Immunolabeling of HSS in root sections of C. officinale (A–D) and J. vulgaris (E and F). A, Cross-section of a young root a few millimeters behind the root tip, in which the vascular cylinder is in the procambial stage. B, Cross-section after complete differentiation. C and D, Cross-sections of emerging lateral roots. The Casparian strip is labeled by arrowheads. Cambial cells between the xylem and the phloem that indicate beginning secondary growth are labeled by asterisks. E and F, Cross-section (E) and longitudinal section (F) of young roots of J. vulgaris. Sections have been labeled with antibody against HSS of C. officinale (A–D) and against HSS of J. vulgaris (E and F) before detection with AlexaFluor488 secondary antibody. Exodermis and xylem elements show yellow/orange autofluorescence attributable to the incrustation of lignin in the cell walls. CO, Cortex parenchyma; EN, endodermis; EX, exodermis; LR, lateral root; PC, procambium; PE, pericycle; PH, phloem; XY, xylem. Bars = 20 µm.
Comparative Localization of HSS in Roots of Jacobaea vulgaris
Despite of the monophyletic origin of HSS within the lineage of the Boraginaceae, our data showed individual expression patterns of HSS in the three analyzed species. This observation raised the question of whether such diversity might also be found within other lineages for which an independent origin of HSS was reported (Reimann et al., 2004). Therefore, we decided to compare the tissue-specific expression pattern of HSS in two species of the Senecioneae lineage, one of the two lineages within the Asteraceae for which an independent origin of HSS was proposed (Reimann et al., 2004). We selected the species J. vulgaris (syn. Senecio jacobaea), which was formerly classified into the genus Senecio section jacobaea. Recent molecular systematic studies have shown that species belonging to this section form a well-supported cluster that is only distantly related to other species usually attributed to Senecio, such as Senecio vernalis (Pelser et al., 2006, 2007). For S. vernalis, we have been able, in a previous study, to show that HSS expression is root specific and restricted to distinct groups of endodermis and neighboring cortex cells located opposite to the phloem (Moll et al., 2002). Figure 6A shows an immunoblot confirming the root-specific expression of HSS for J. vulgaris. Figure 5E shows a cross-section of a young root of J. vulgaris, HSS being expressed in the same cells as described previously for S. vernalis (i.e. only in those cells of the endodermis and the adjacent cortex parenchyma opposite to the phloem tissue). The phloem cells are located between the strands of the tetrarch xylem tissue. A longitudinal section of a root of the same age shows that the label runs parallel to the phloem tissue in those cortex cells that are closest to the central cylinder (Fig. 5F).

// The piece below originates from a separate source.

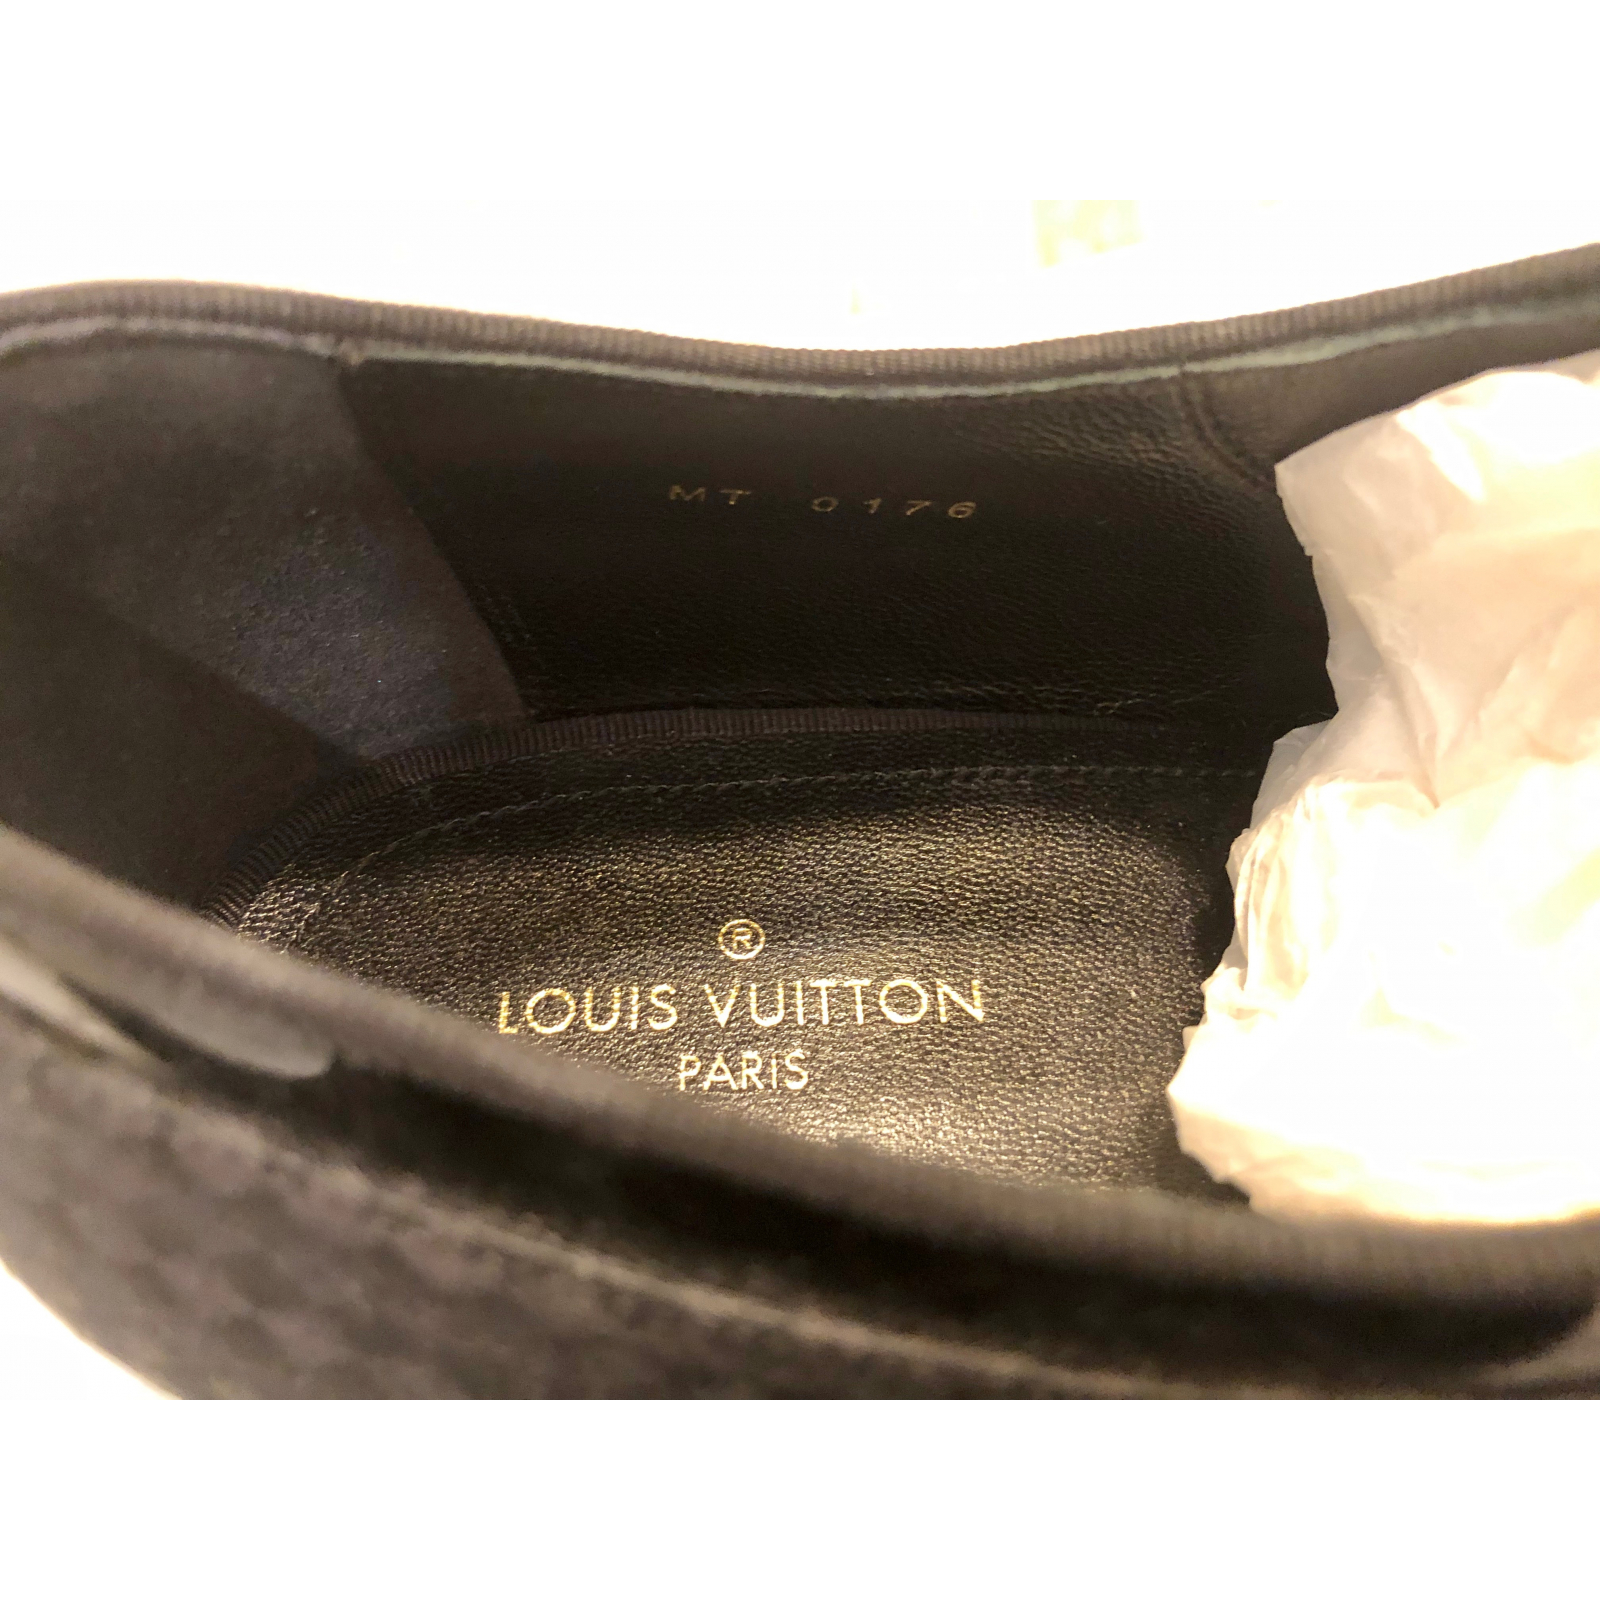 Solferino Louis Vuitton

Tissue-specific expression of HSS in J. vulgaris. Immunoblots of proteins extracted from various tissues (A) and of roots by three different extraction procedures (B) with antibody specific for HSS of J. vulgaris are shown. Roots of a tissue culture have been extracted according to the standard protocol (I) and in the presence of soil material taken from the field without (II) and with (III) the addition of proteinase inhibitor (see Materials and Methods).
DISCUSSION
Our research group uses the model system of PA biosynthesis to study the evolution of a pathway in plant secondary metabolism. It is known that the first specific enzyme in PA biosynthesis, namely HSS, originated by duplication of a gene encoding an ancestral DHS, an enzyme that is involved in primary metabolism and that is highly conserved within eukaryotes (Park et al., 1997; Ober and Hartmann, 1999a, 1999b). This duplication event occurred in an almost identical manner several times independently in various plant lineages during angiosperm evolution and, in particular, once early in the Boraginales lineage (Reimann et al., 2004). In consideration of the polyphyletic origin of HSS, the resulting PA-producing pathways are surprisingly identical with respect to the biosynthetic sequences and the structures of the resulting products (Frölich et al., 2007). Although HSS is the only identified and characterized enzyme of PA biosynthesis, convergent evolution is likely to have formed these pathways because of similar selection pressures (i.e. the defense against herbivores).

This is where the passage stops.